Записки. 1793–1831 | страница 55



В этом звании я с Балашовым жил в добром согласии, и я не мог довольно им нахвалиться, — как вдруг явились обстоятельства, от меня независящие. Натурально, что я старался все заготовляемые для государя доклады писать сообразно тому, как Балашов мне говорил, что государь их любит, т. е. чтобы доклады были как можно более сокращены, переписаны четкой красивой рукою и на хорошей бумаге. По словам Балашова, государь объявил ему, что Особенная канцелярия имеет преимущества перед всеми департаментами. Один раз министр сказал мне с видом неудовольствия: «Только ваши доклады сходят, а прочие, из других департаментов, я привез». Через несколько времени объявил он мне, возвратясь от государя: «Поздравляю вас», и ироническая улыбка явилась на устах его: «Государь приказал вам исправить доклады прочих департаментов». Хотя я и видел, что мне предстоит беда, т. е. неминуемая ссора с министром, но делать было нечего, а самолюбие не позволяло пренебрегать докладами. Однажды Балашов с величайшим неудовольствием сказал мне:

— Государь приказал мне брать вас с собою в Царское Село, чтобы вы, в случае неисправности, поправляли доклады других департаментов, — и прибавил еще: — только ваши доклады и хороши.

С сего времени я уже всегда ездил с министром в Царское Село.

Однажды, в Царском же Селе, Балашов, вышедши от государя, объявил мне:

— Государь желает вас видеть; пойдемте в сад; там мы его встретим.

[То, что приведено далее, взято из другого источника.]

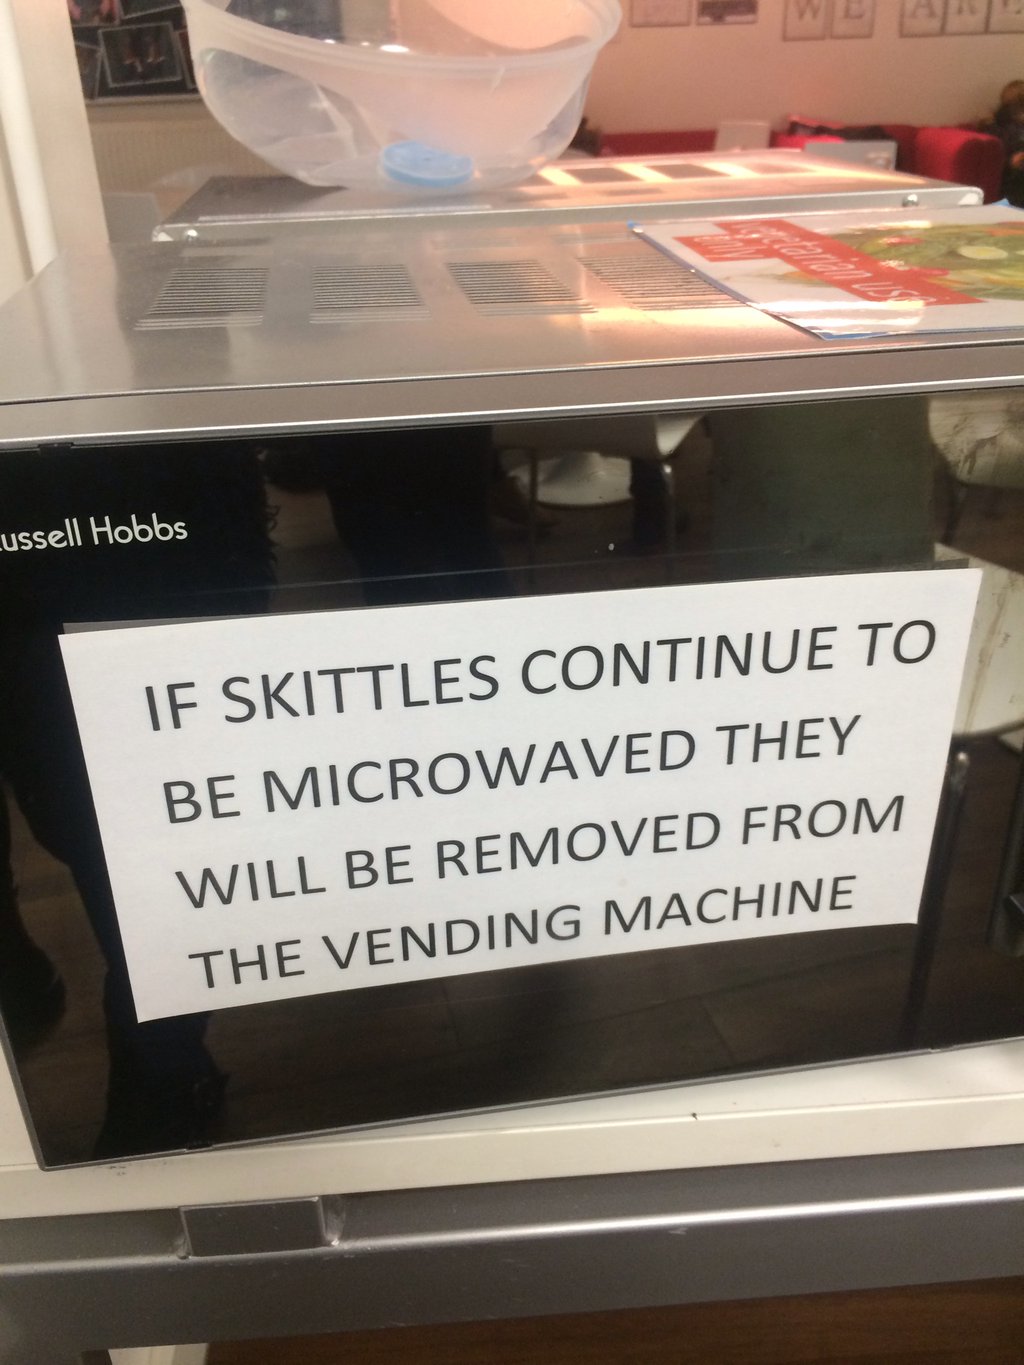 table - Lussell Hobbs If Skittles Continue To Be Microwaved They Will Be Removed From The Vending Machine

Так, действительно, и было; государь, поравнявшись с нами, остановился и разговаривал с Балашовым о погоде, переменах, которые желает сделать во дворце, в саду, и во все время разговора смотрел пристально в лорнет на меня.

Когда государь удалился, Балашов с иронической улыбкой сказал мне:

— Поздравляю вас, вы теперь с государем познакомились.

— Да! — отвечал я. — Как статуя, на которую смотрят. Ваше превосходительство забыли сказать про меня, что я, как статуя Мемнона, издаю звуки при появлении солнца[116].

Балашов кисло улыбнулся, и мы возвратились в кавалерские наши комнаты. Наконец, объявил мне Балашов:

— Государь спрашивал меня, не пожелаете ли вы быть полицеймейстером в Петербурге. Я отвечал, — продолжал Балашов, — что это место может (быть) для вас не годится: вы добротою своею и религиозностию все можете испортить.

Я поблагодарил Балашова за столь лестный для меня отзыв. Не менее того, я уже готовился подать в отставку, во избежание худшего, как внезапно следующий неожиданный случай, встретившийся со мной, остановил меня.